- Industry
Hateful Eight Live Read Mesmerizes Tarantino Fans
Ever since the screenplay’s leak on the internet, the ensuing lawsuit and blustery cancellation of the film by Quentin Tarantino, the director’s new western Hateful Eight, has generated more buzz than perhaps any other movie project in Hollywood. It’s no surprise therefore that Saturday’s live read of the script staged as a fundraiser by LACMA and Film Independent took place before an eager sold-out audience.
Curious cinephiles, avid Tarantino fans and assorted Hollywood types filled the 1.600 seats of the historic, newly restored United Artists Theater in Los Angeles and broke into wild cheers when the director came on stage to present what was billed as the first and last-ever performance of Eight. It quickly became apparent from Tarantino’s introduction however that the director has not quite completely abandoned plans to shoot the film. “This is the first draft” said a customarily animated Tarantino, “I’m working on the second and I fully expect there to be a third draft”. To wild applause he then introduced the cast of the reading presenting them as the “Tarantino Superstars”, including Kurt Russell, Samuel L. Jackson, Michael Madsen, Tim Roth and Bruce Dern who took places on the chairs which were the only props on the stage. Then Tarantino set the stage for Scene 1 asking the audience to imagine a “glorious 70mm vista”, a vast expanse of snowy winter Wyoming landscape traversed by a stagecoach. The horse-drawn coach is carrying two passengers: Kurt Russell’s hardened bounty hunter and the female prisoner shackled to his wrist that he intends to deliver to the gallows in the town of Red Rock. Soon the party meets a third passenger, a fellow-bounty hunter (Samuel Jackson) who still wears the uniform of the Union cavalry, in which he served during the Civil War. Overtaken by a blizzard, the group takes refuge in the remote outpost known as Millie’s Haberdashery where they are received by an unlikely Frenchman named Bob. This
is the main location for the film, as the bounty hunters meet up with more characters including an old Confederate general (Dern), the town executioner (Roth) and a taciturn cowboy (Madsen).
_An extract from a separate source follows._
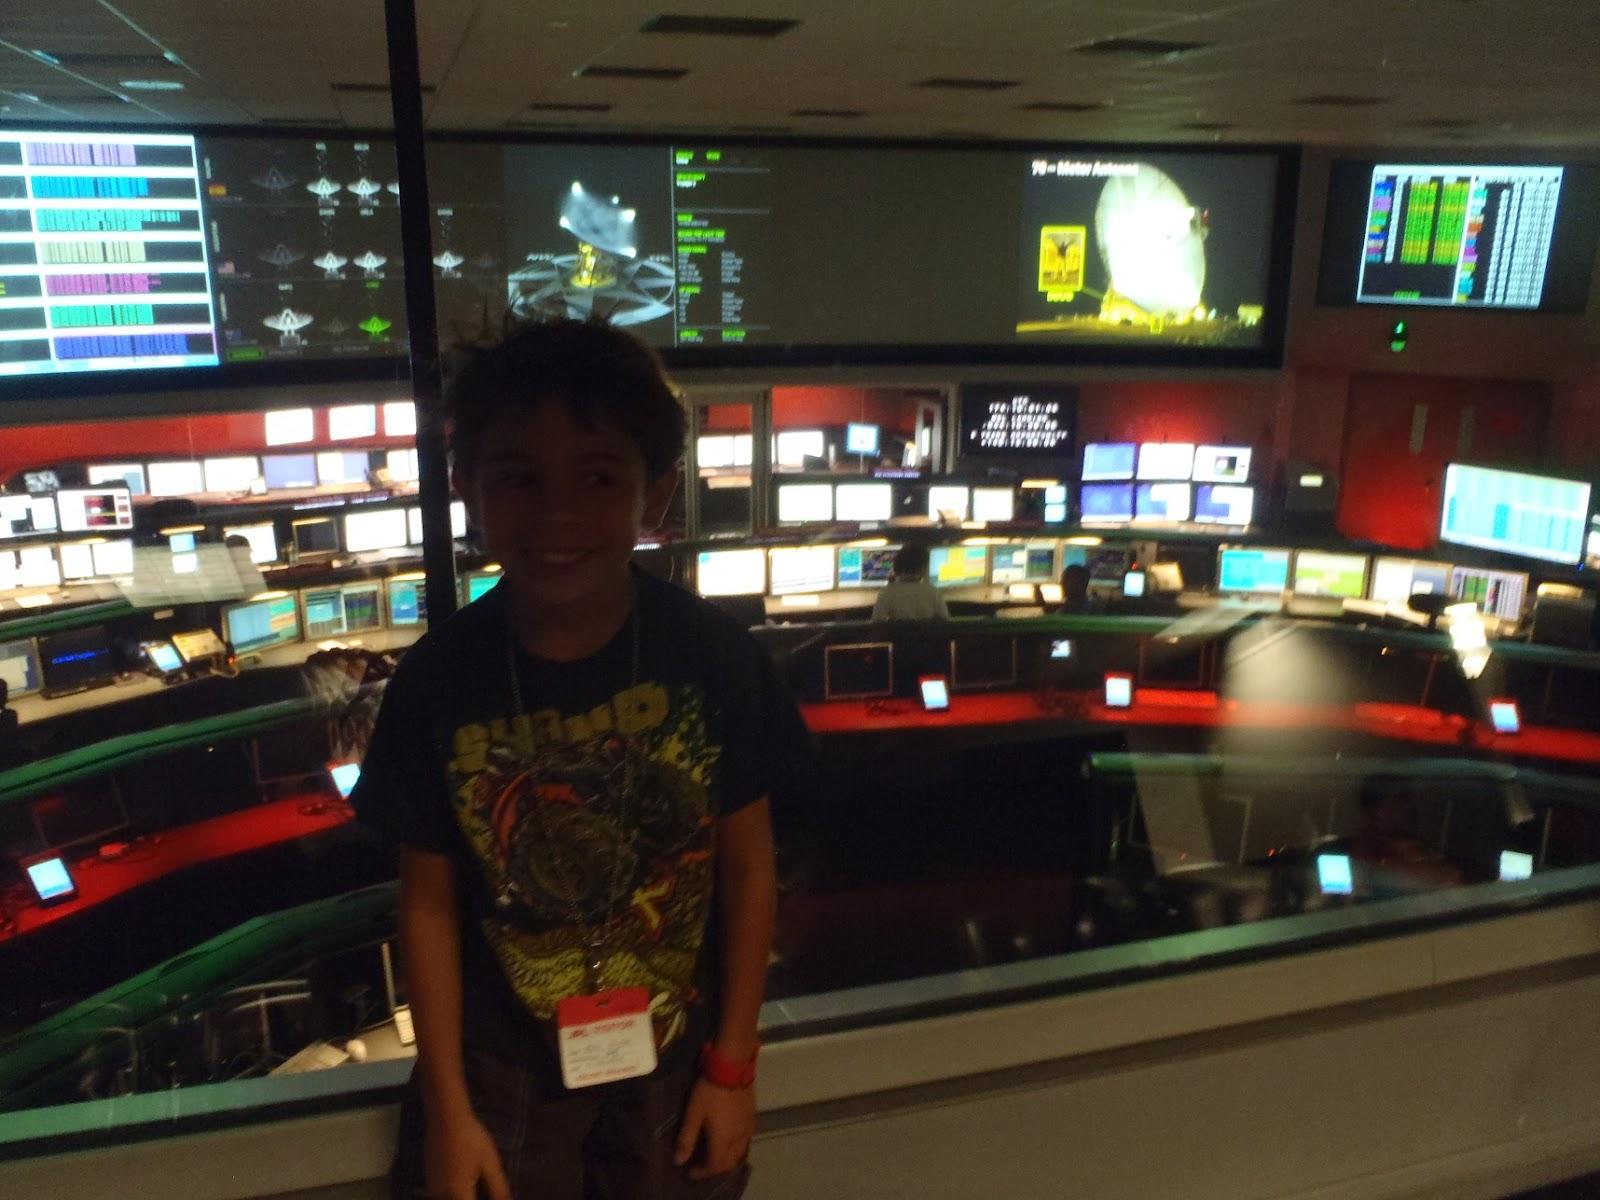 mars rover control room - photo #32
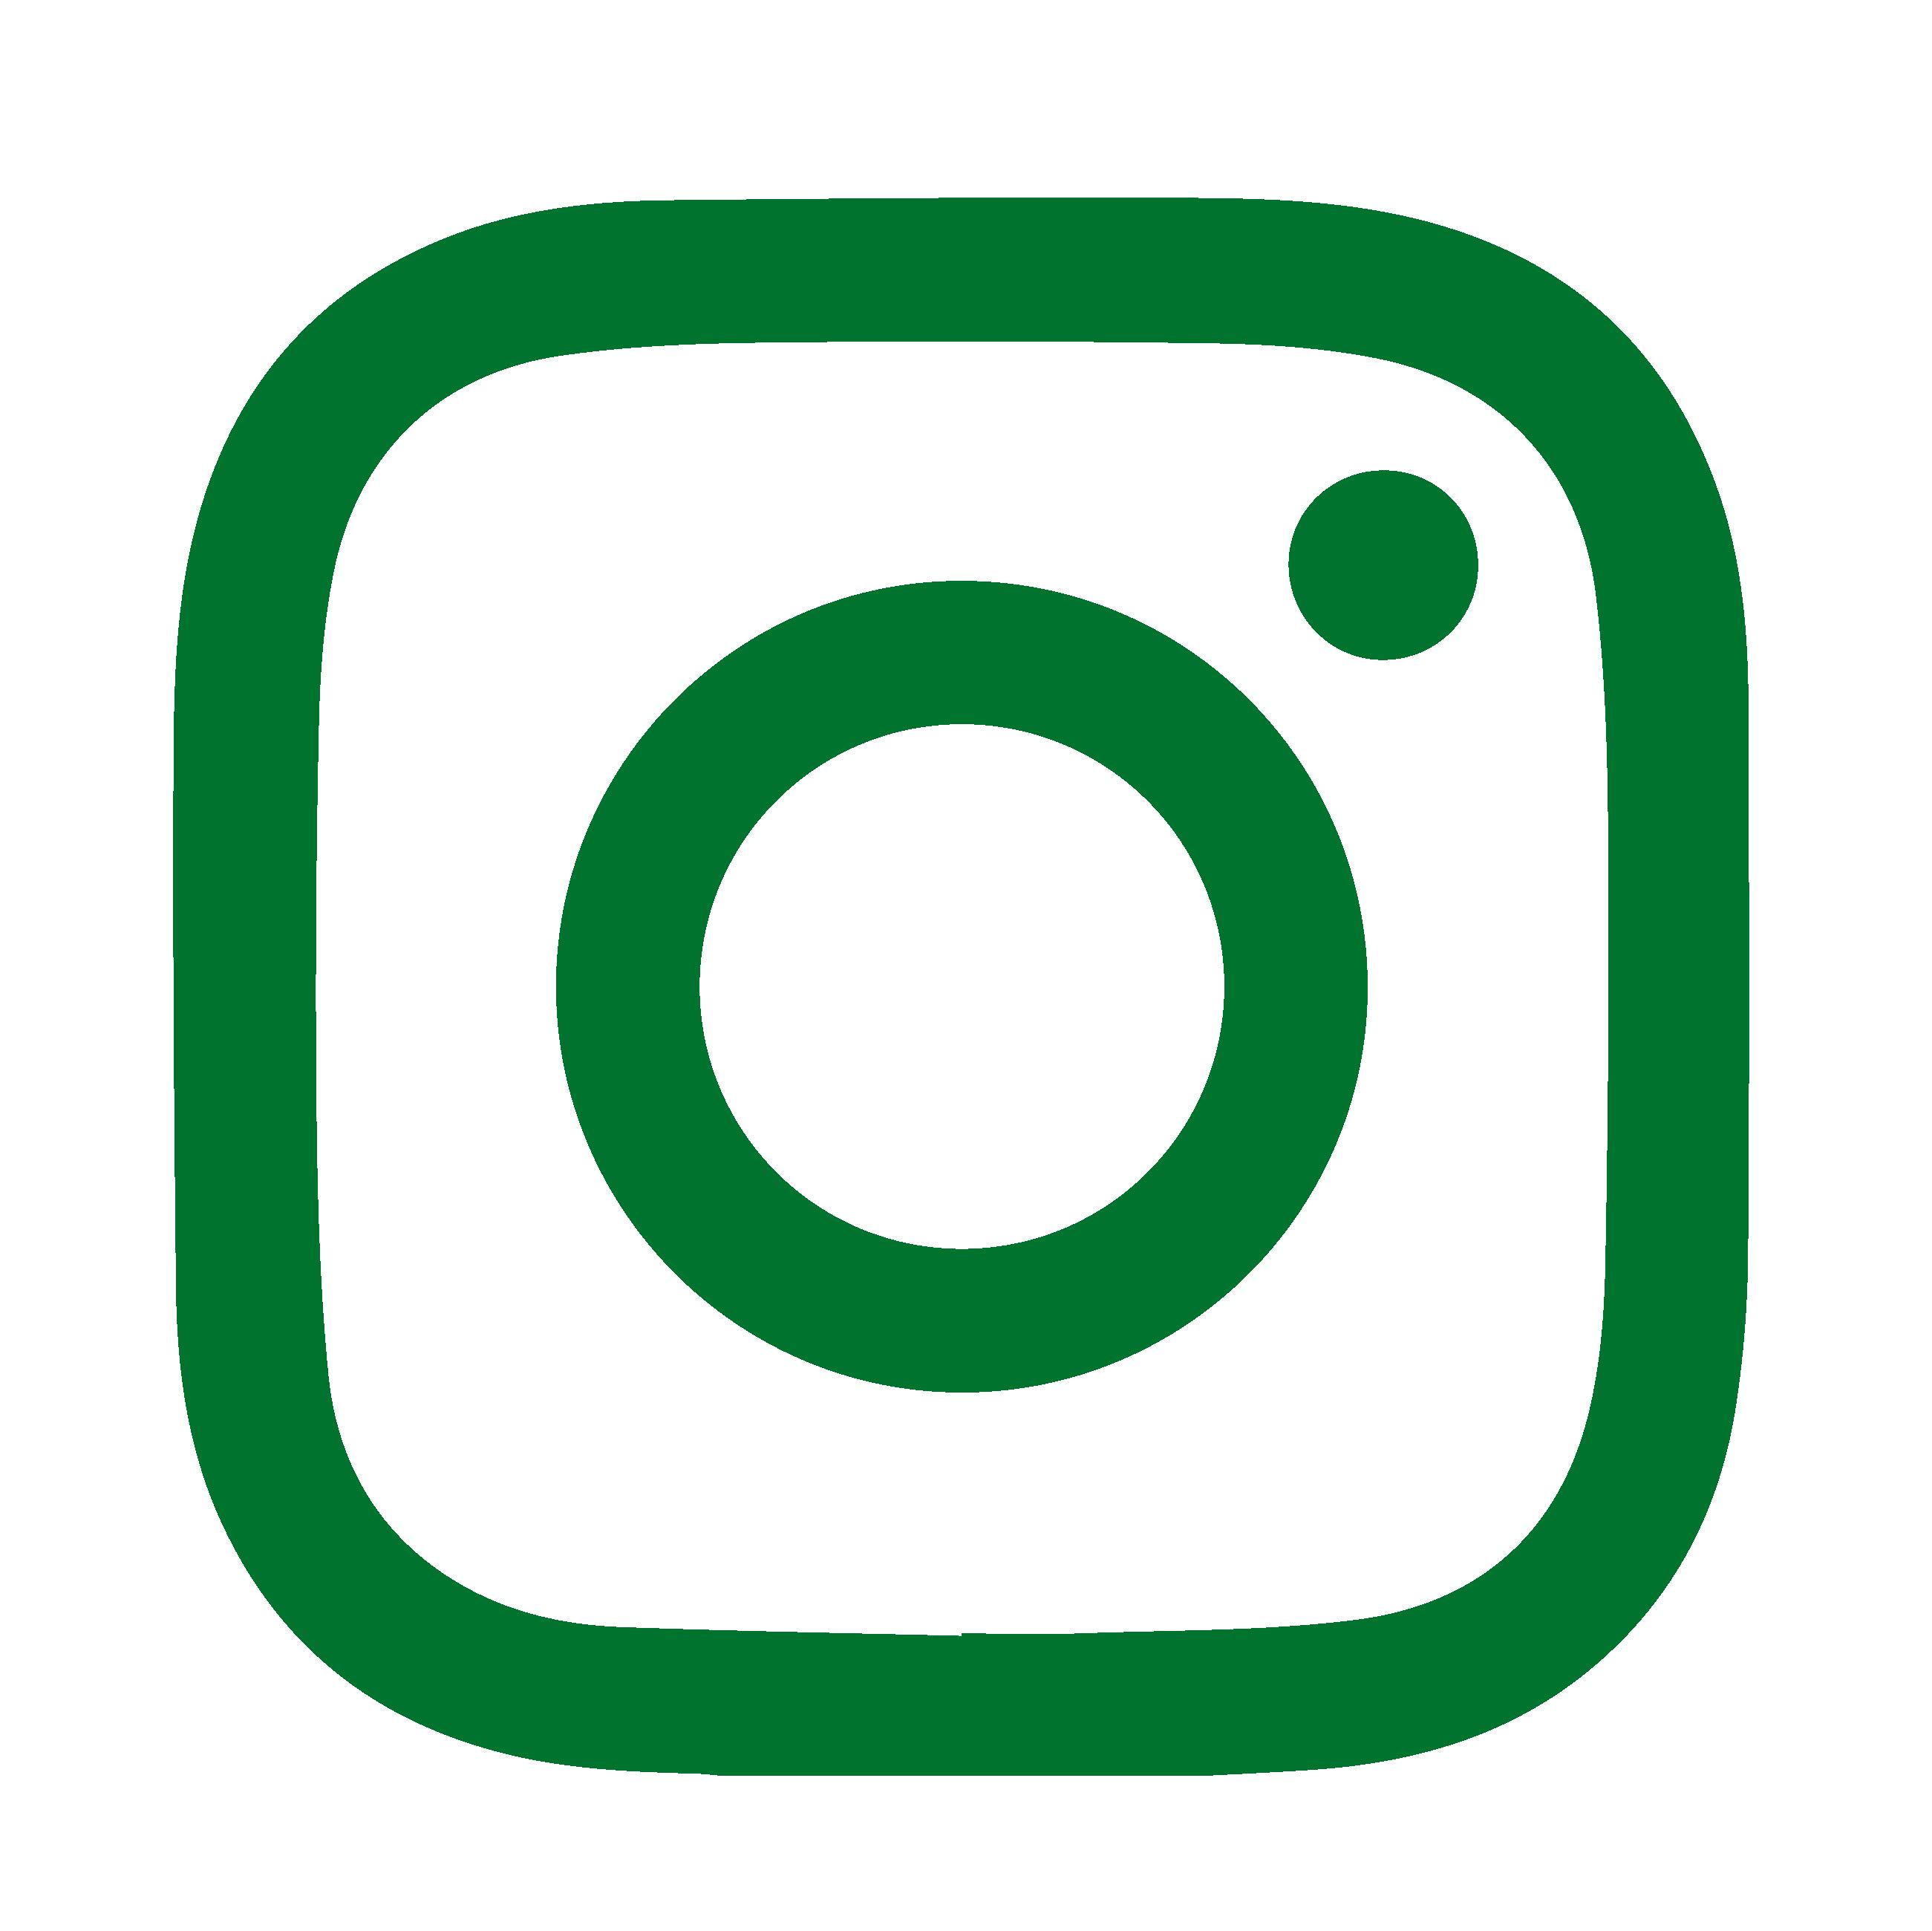 Green Instagram logo

Characteristic rapid-fire Tarantino dialogue ensues as tensions rise. Parallels with Django Unchained, Tarantino’s previous western, are obvious, however, the tone of Eight is also reminiscent of Death Proof (Zoe Bell was also on hand for the reading) as well as the tavern scene from Inglorious Basterds. Like in those films, foul language and violence are also on abundant display signaling that Tarantino has no apparent intention of defusing the controversies that so often follow his work. Standing at a lectern stage right, reading scene descriptions, inserting classic film references and occasionally directly engaging the audience Tarantino was as much a character in the read as any of the actors, leaving no doubt of who was in complete control (at one point he admonished the performers to abstain from improvising: “No co-writing, please!”).
All in all it was a thoroughly entertaining evening of tarantiniana that left fans satisfied as well as even more impatient to one day see the actual movie.